0

You have a database of $25,000$ potential criminals. The probability that this database includes the art thief is $0.1$. In a stroke of luck, you found a DNA sample of this thief from the crime scene. You compare this sample with a database of $25,000$ men.
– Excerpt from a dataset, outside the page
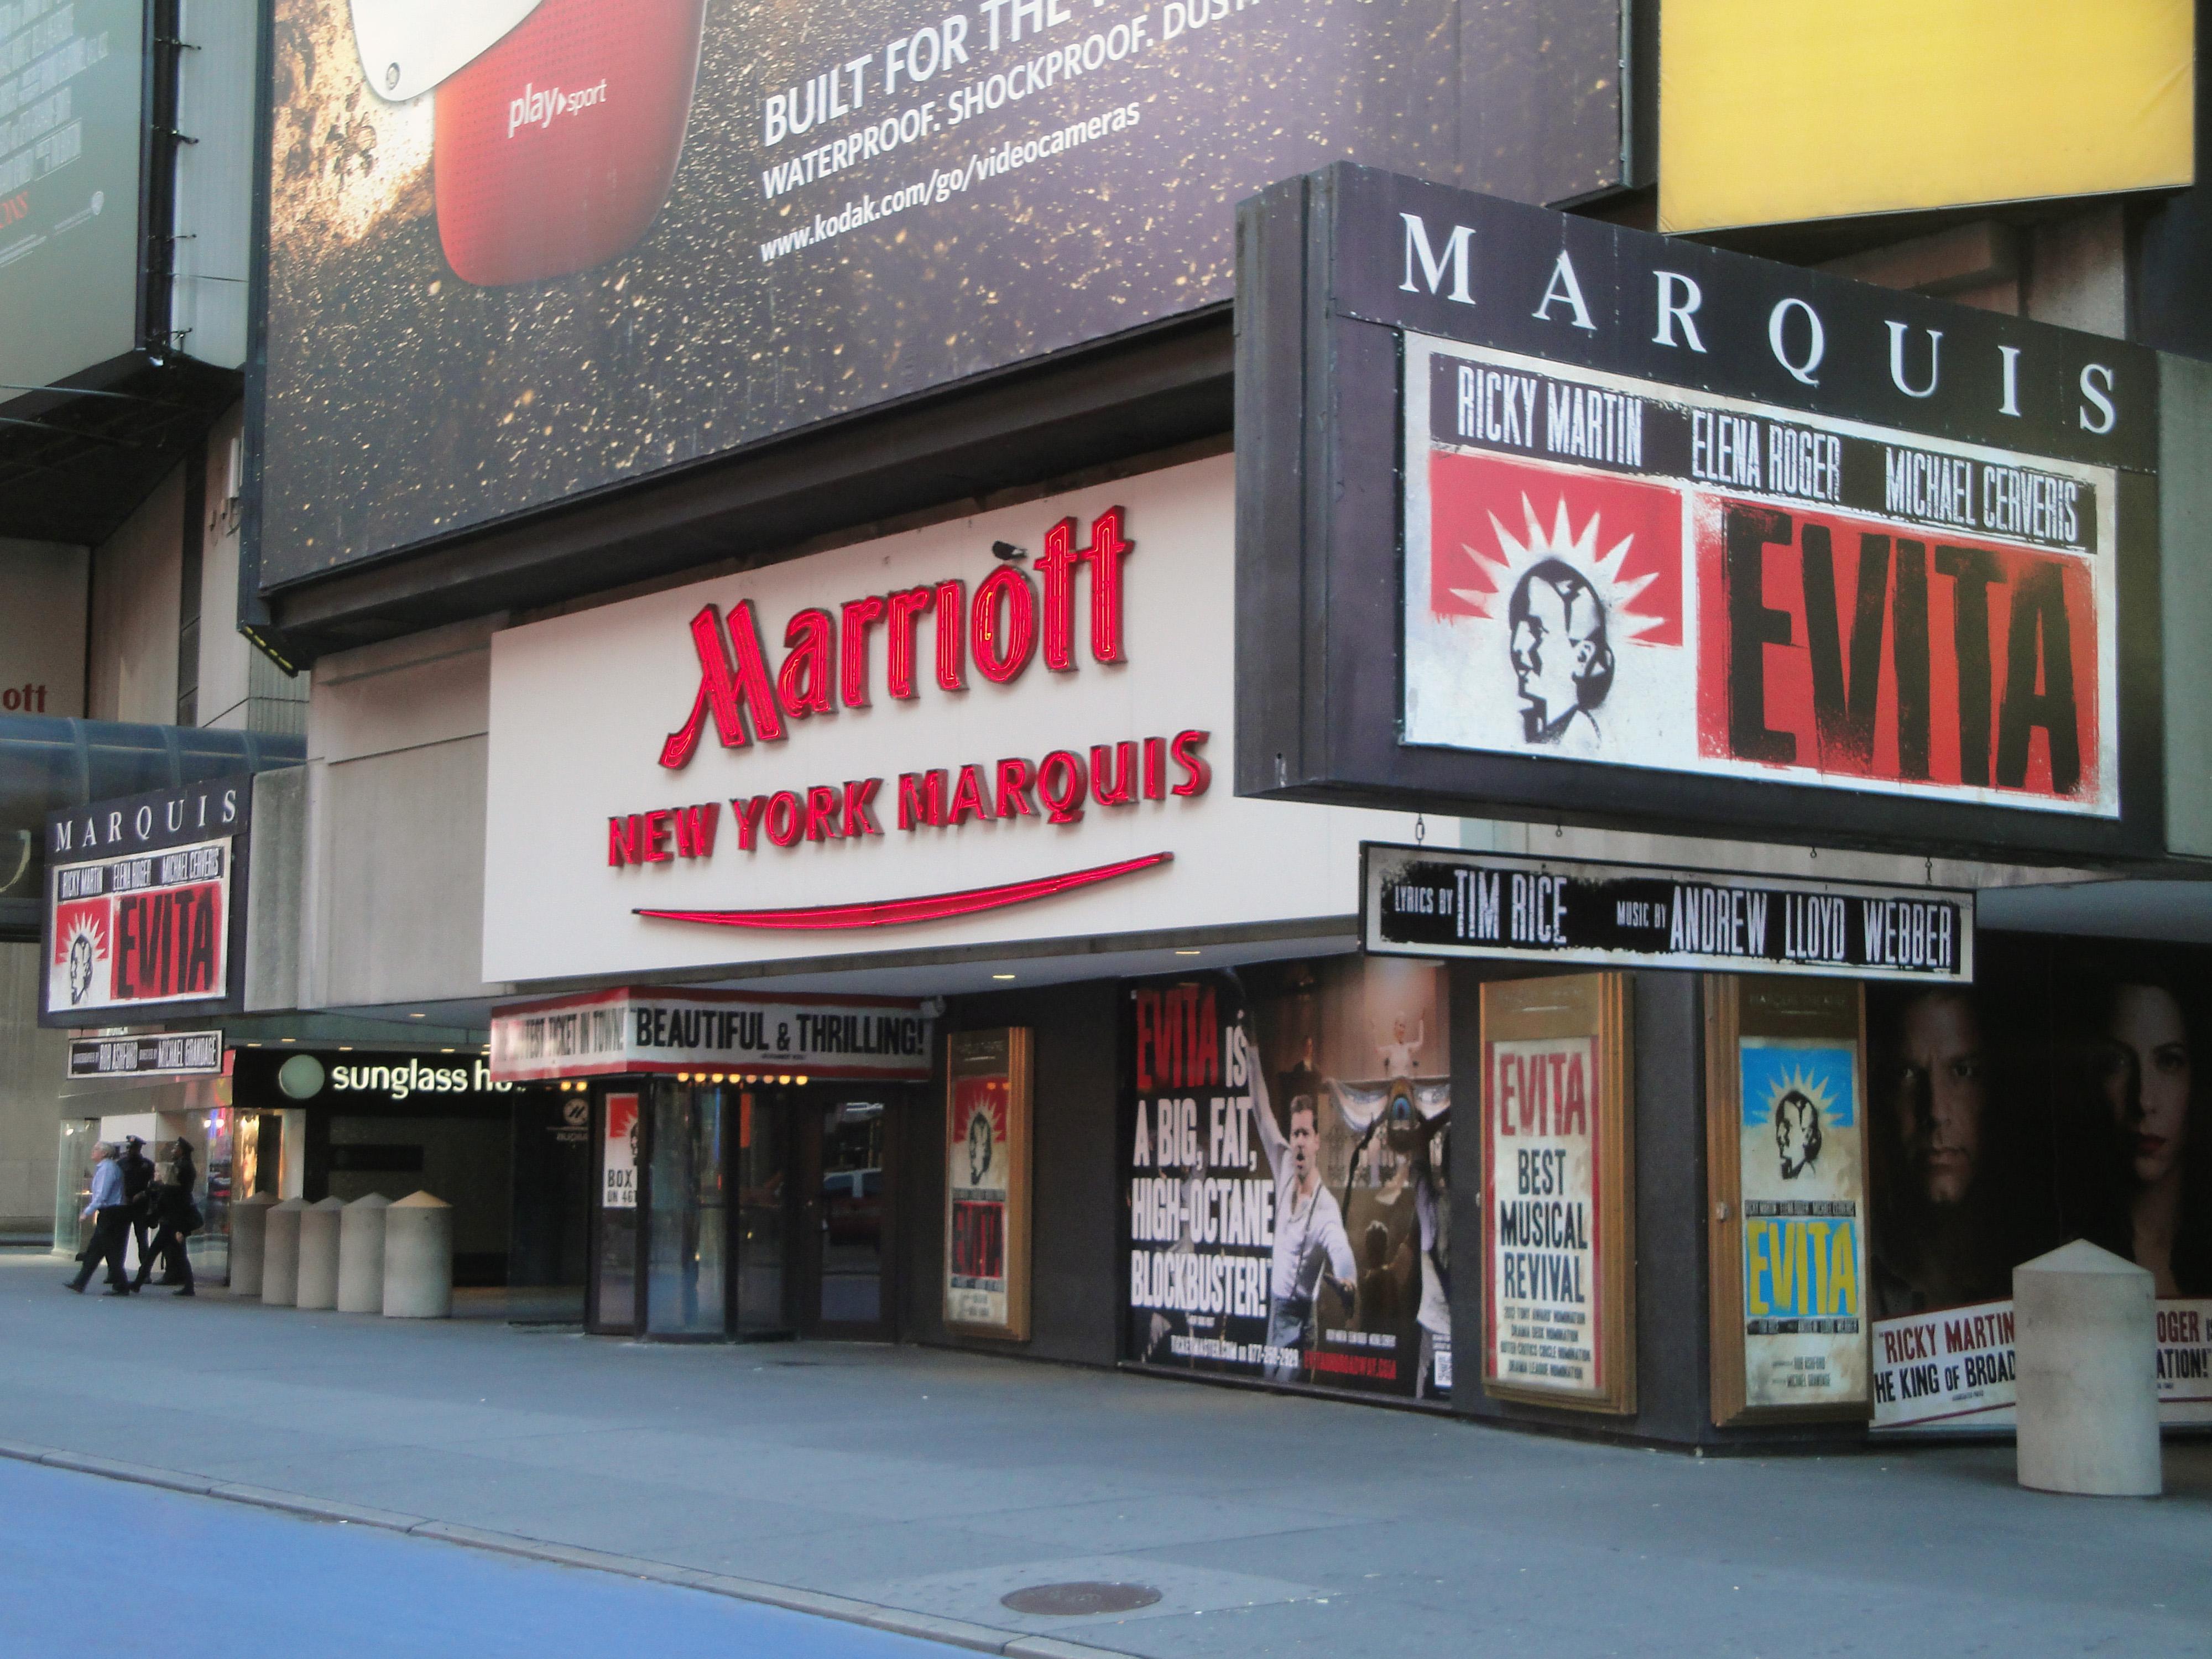 Marquis Theatre Tickets

And lo and behold, a match is found! You are well aware that DNA matches are not always perfect: if you pick two different persons at random, the chance that their DNA samples would match using the current testing techniques is $1$ in $10,000$. What's the probability that the database includes the art thief, given that a DNA match has been found?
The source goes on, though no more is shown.